**AVAILABLE DATA:**
------------------------------------------------

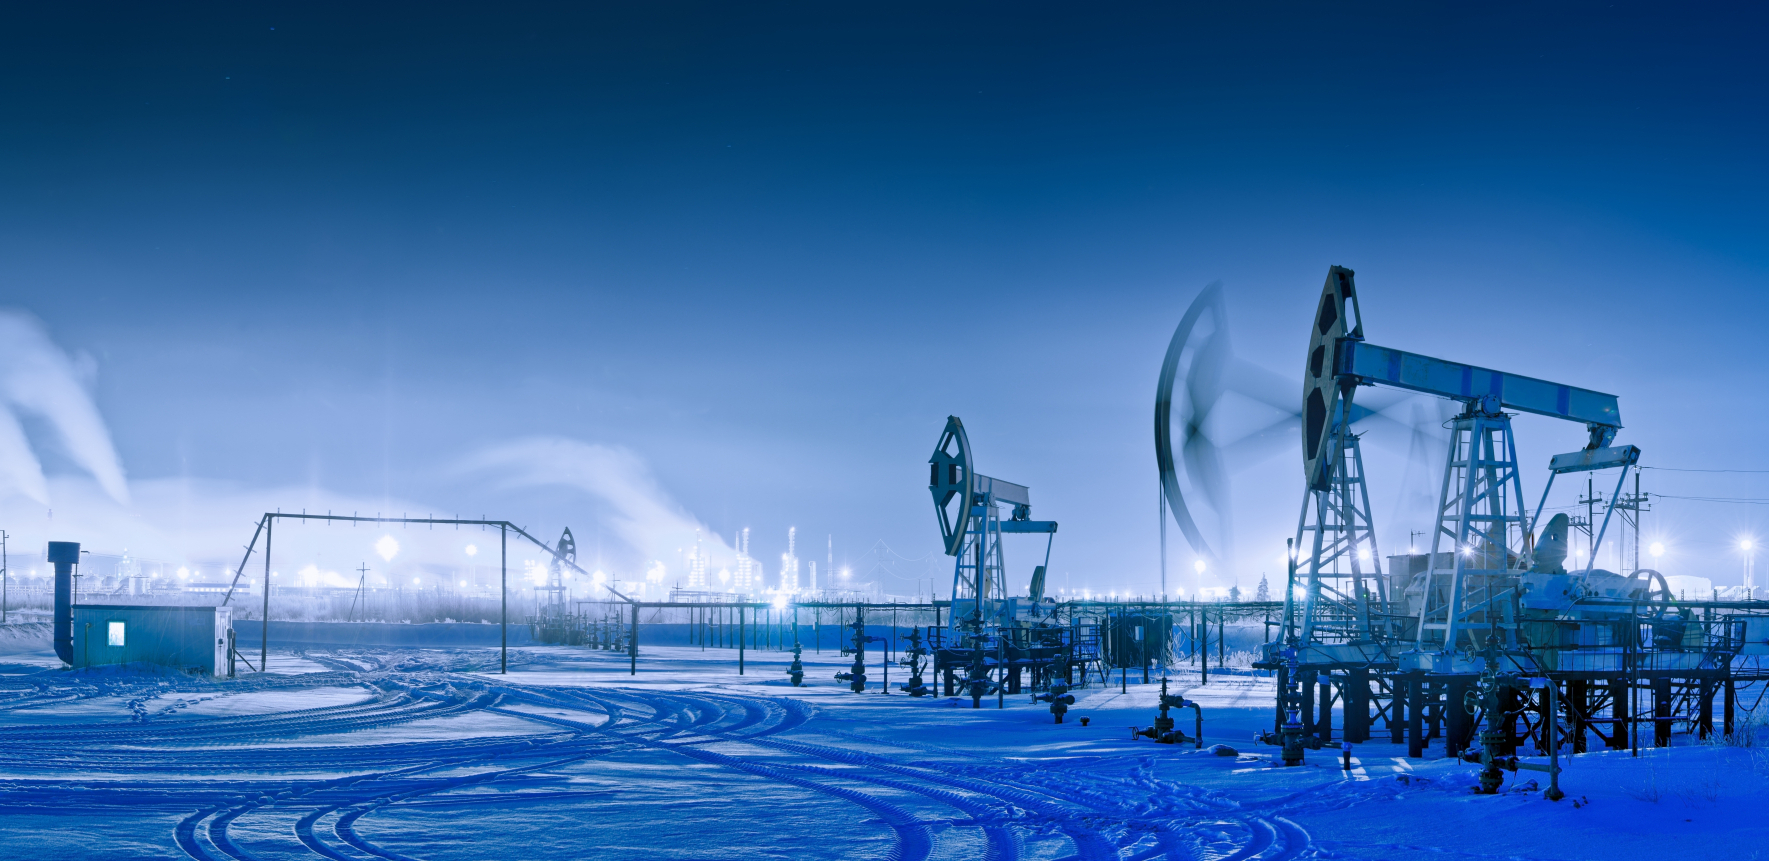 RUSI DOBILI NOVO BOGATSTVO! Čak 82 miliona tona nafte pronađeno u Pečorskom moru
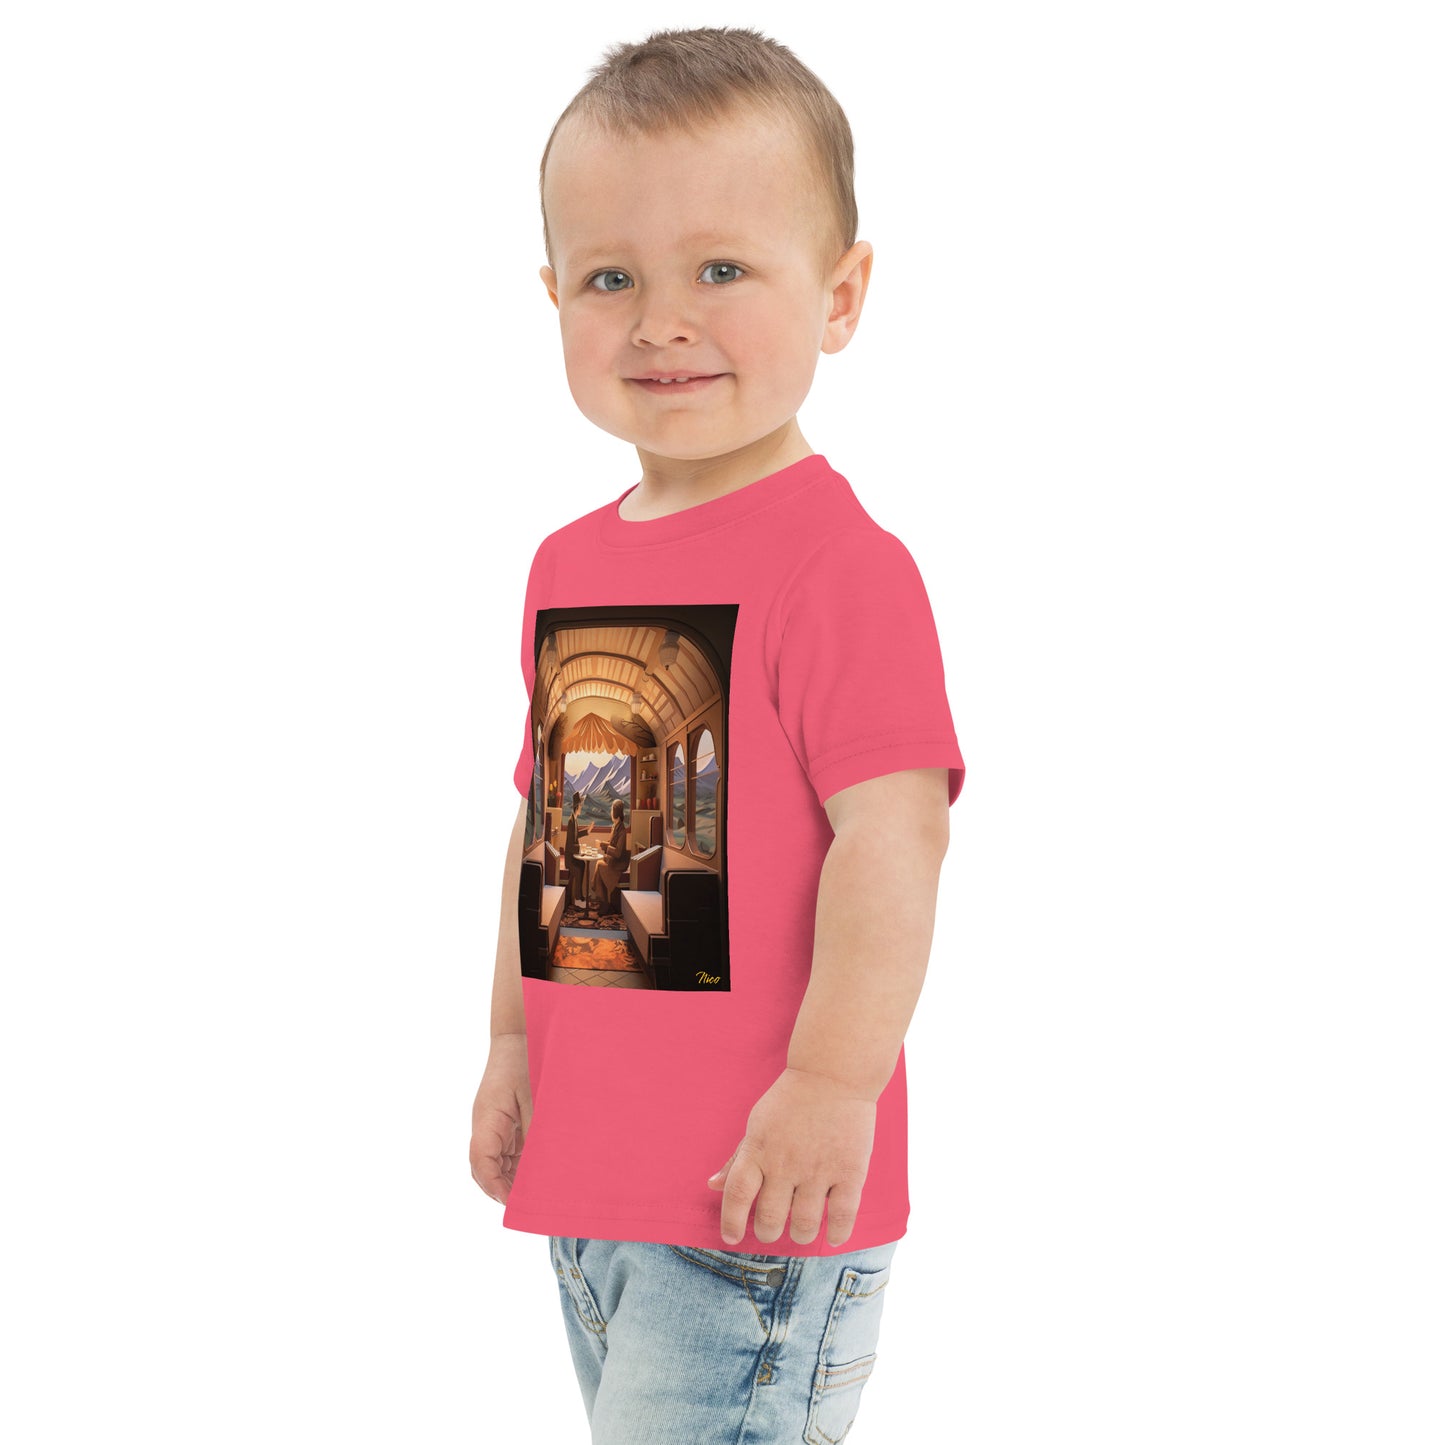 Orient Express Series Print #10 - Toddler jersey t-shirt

------------------------------------------------

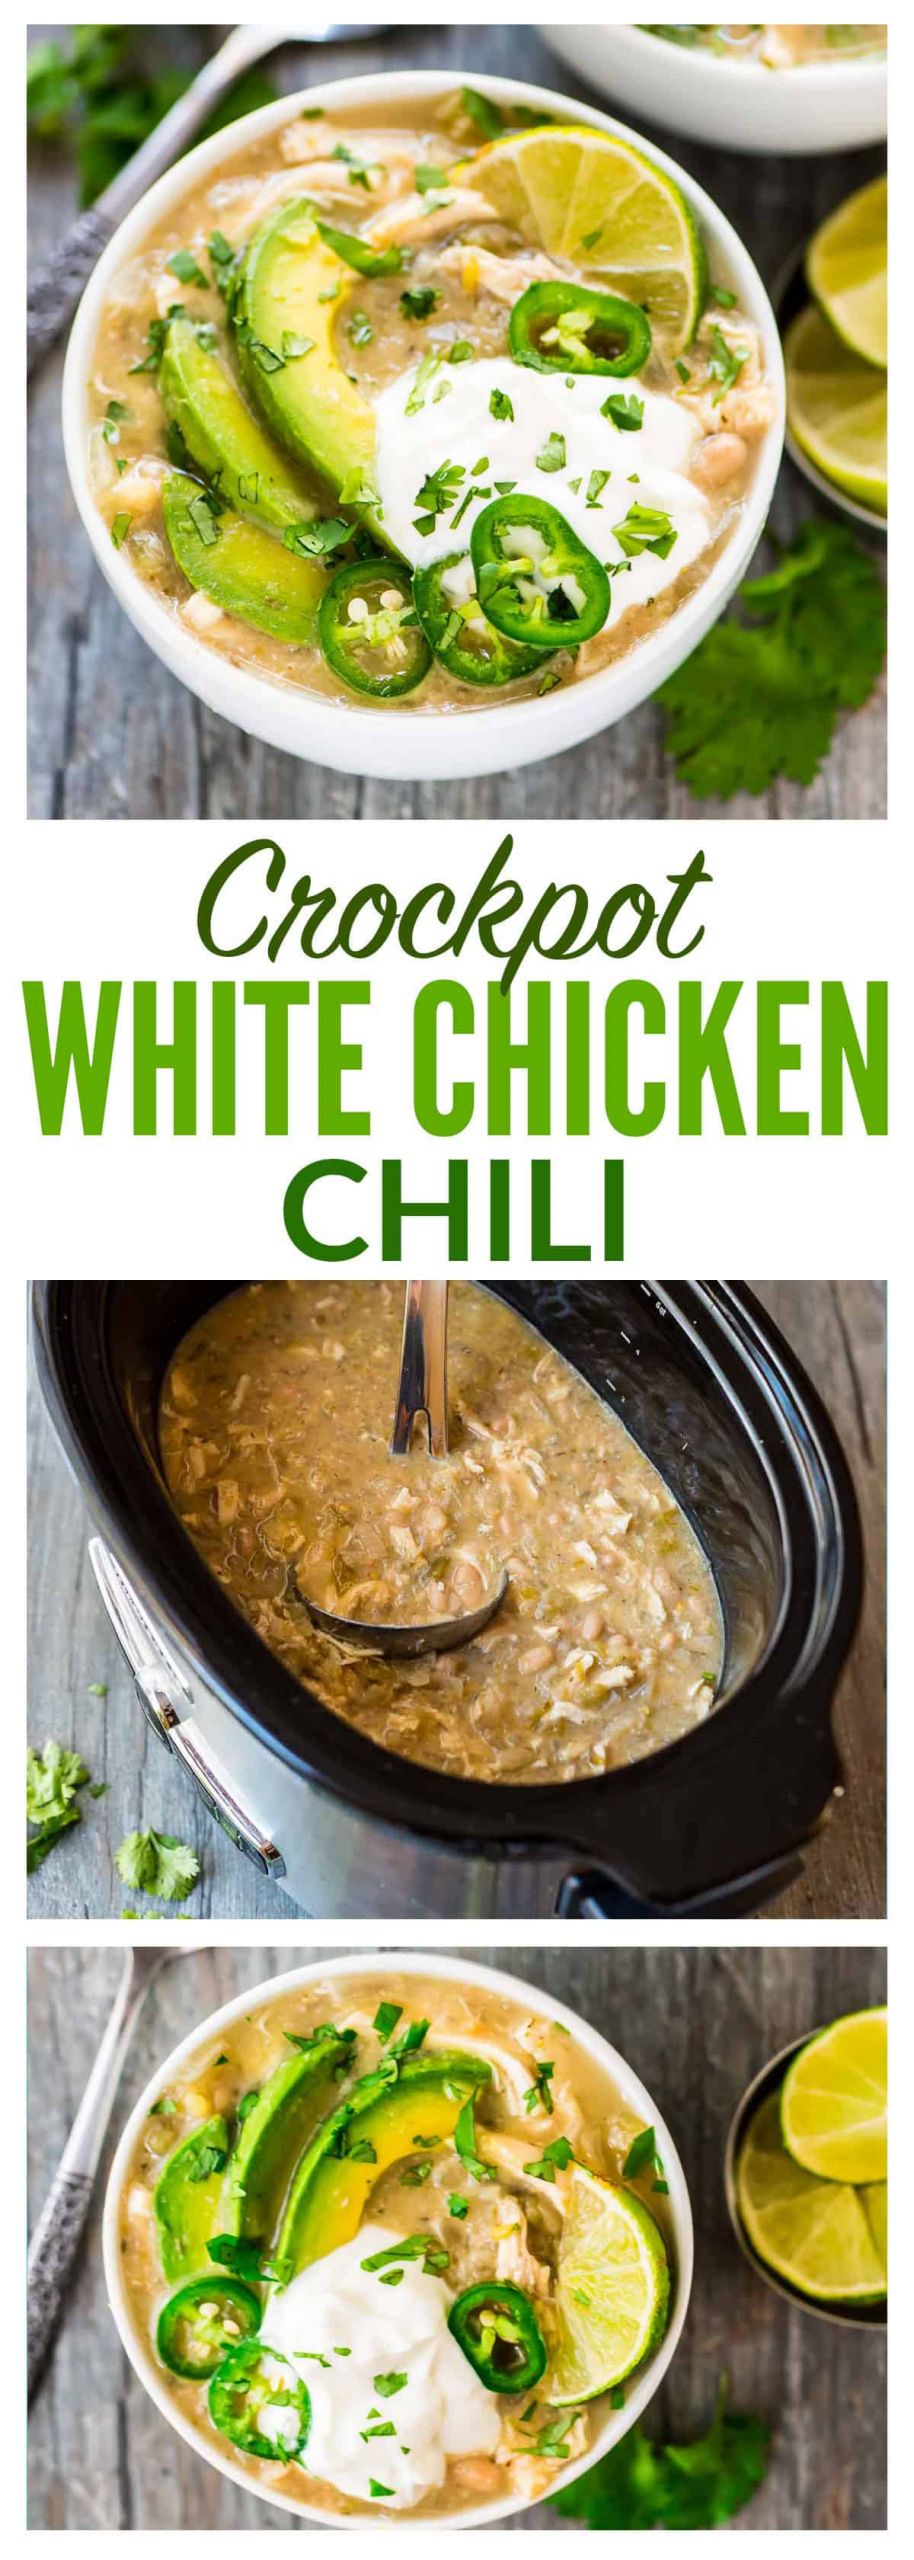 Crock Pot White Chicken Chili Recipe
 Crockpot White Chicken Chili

------------------------------------------------

**EXERCISE REQUIREMENTS:**
Only the lines above starting with the line with "Crock Pot White Chicken Chili Recipe" and going on through the line with "Crockpot White Chicken Chili" belong in the answer; repeat them exactly, minus any picture.

**RESULT OF THIS TASK:**
 Crock Pot White Chicken Chili Recipe
 Crockpot White Chicken Chili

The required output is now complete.